Для Ольги это был удар, который пережить она не смогла.
Она решила покончить с собой, а заодно и сжечь этих гадов.
После очередной пьянки, когда по дому валялось человек шесть членов семьи и их родственников, Ольга закрыла двери, облила всё бензином и подожгла.
Когда всё заполыхало, она испугалась и выпрыгнула в окно, в уже горящей одежде.
Помнит, что тушила себя в бочке с дождевой водой, а дальше уже ничего и в памяти и нет.
Она устала и замолчала.
Наутро она умерла.
Письмо мне удалось отправить только из лагеря года через полтора.
Хотелось без прокола.
А потом эта история закрылась многими другими, не менее драматичными событиями.
Лет через двадцать в нашу ленинградскую квартиру позвонила женщина.
Это оказалась Ольгина дочь, которая через мою мать, адрес которой я когда-то сообщил, разыскала меня и приехала узнать подробности.
Я рассказал, что Ольга поверила в смерть мужа и скрывалась, пока не попала в аварию и не погибла.

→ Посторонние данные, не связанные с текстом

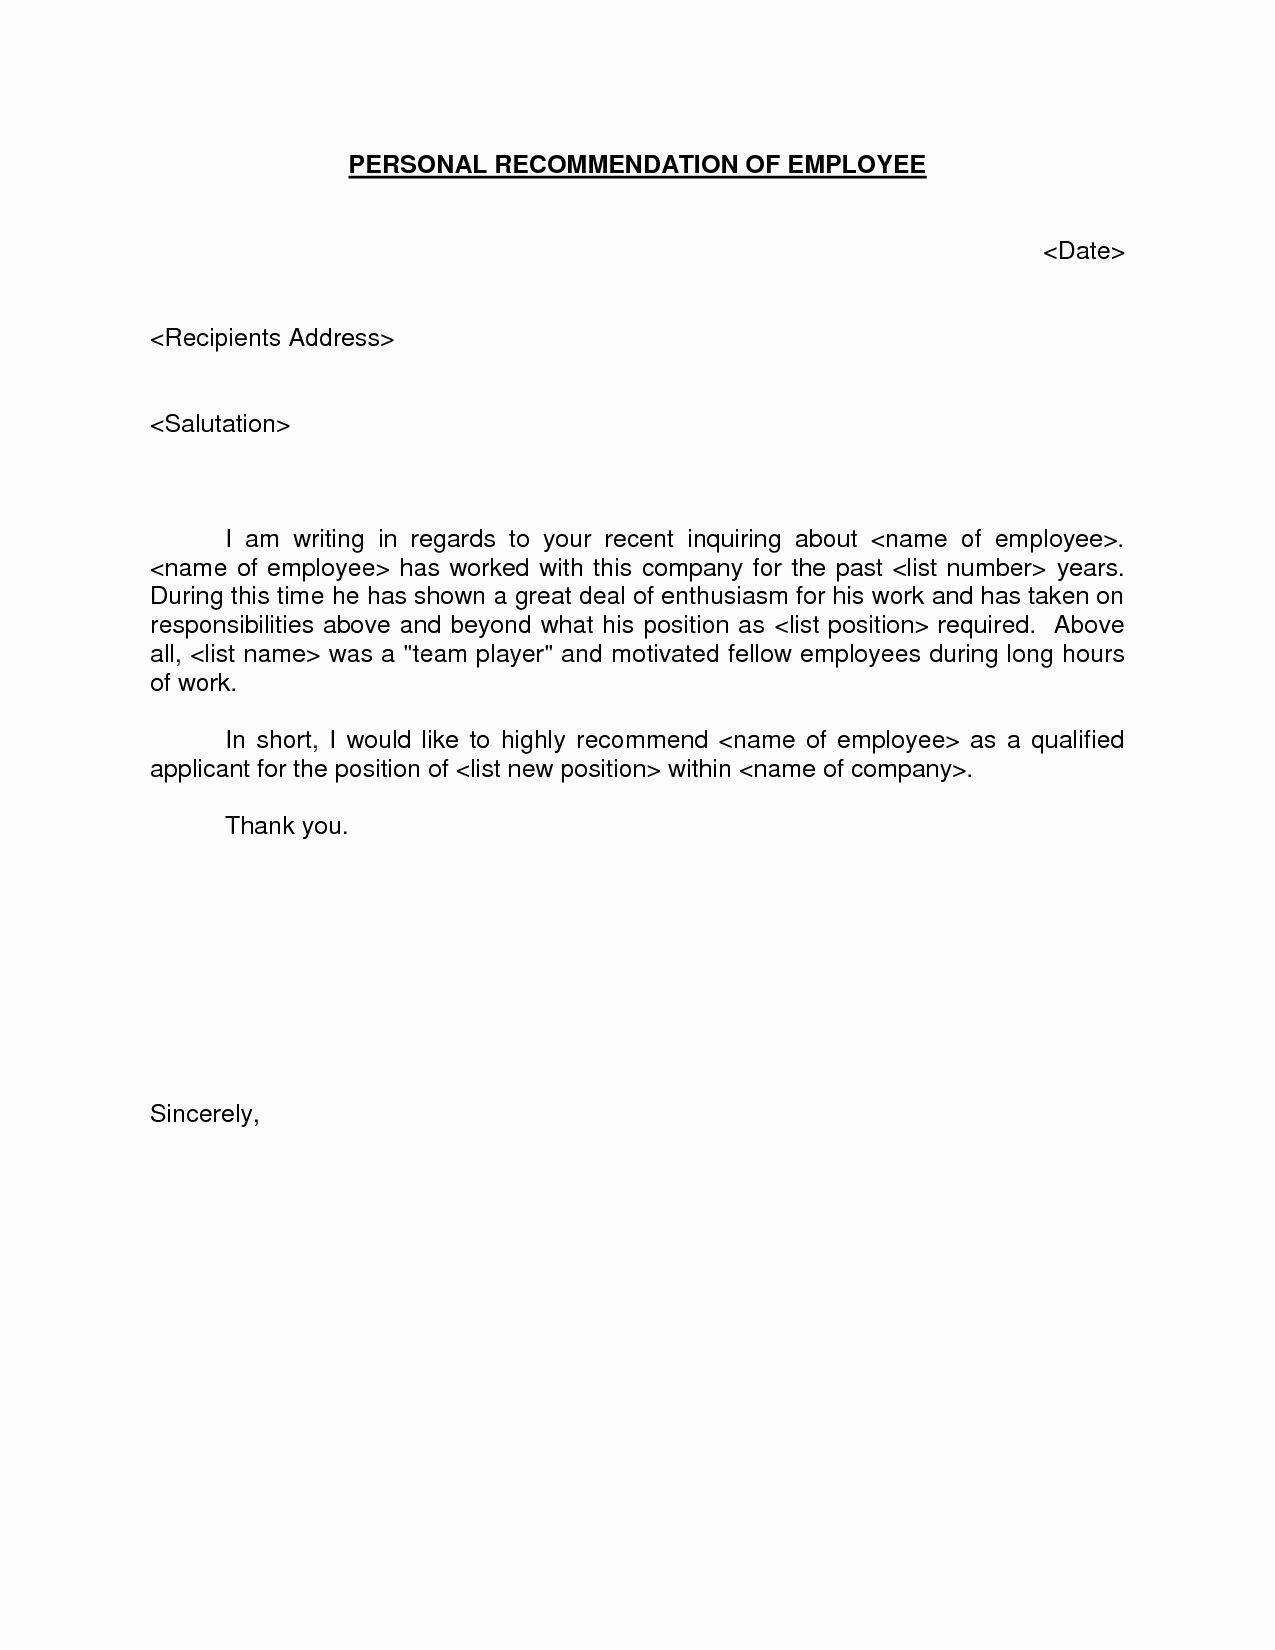 Reference Letter for Employment Template Unique Personal Re Mendation Of Employee Request Letter Sample

Ни о чём другом я не рассказывал.
Отец же, по словам дочери, всё время считал, что Ольга его бросила и убежала с другим, а когда получили моё письмо, запил и уже не просыхал.
Вскоре он умер. Вернее утонул на реке. Тёмная была история.
Детей вырастили бабушка и дед.
На прощание я сказал Вере, что мама только и думала о детях и очень страдала перед смертью.
— У вас была хорошая мать. И вы можете ей гордиться.
Женщина была благодарна мне за эти слова.
Наверное, она ждала их всю свою жизнь.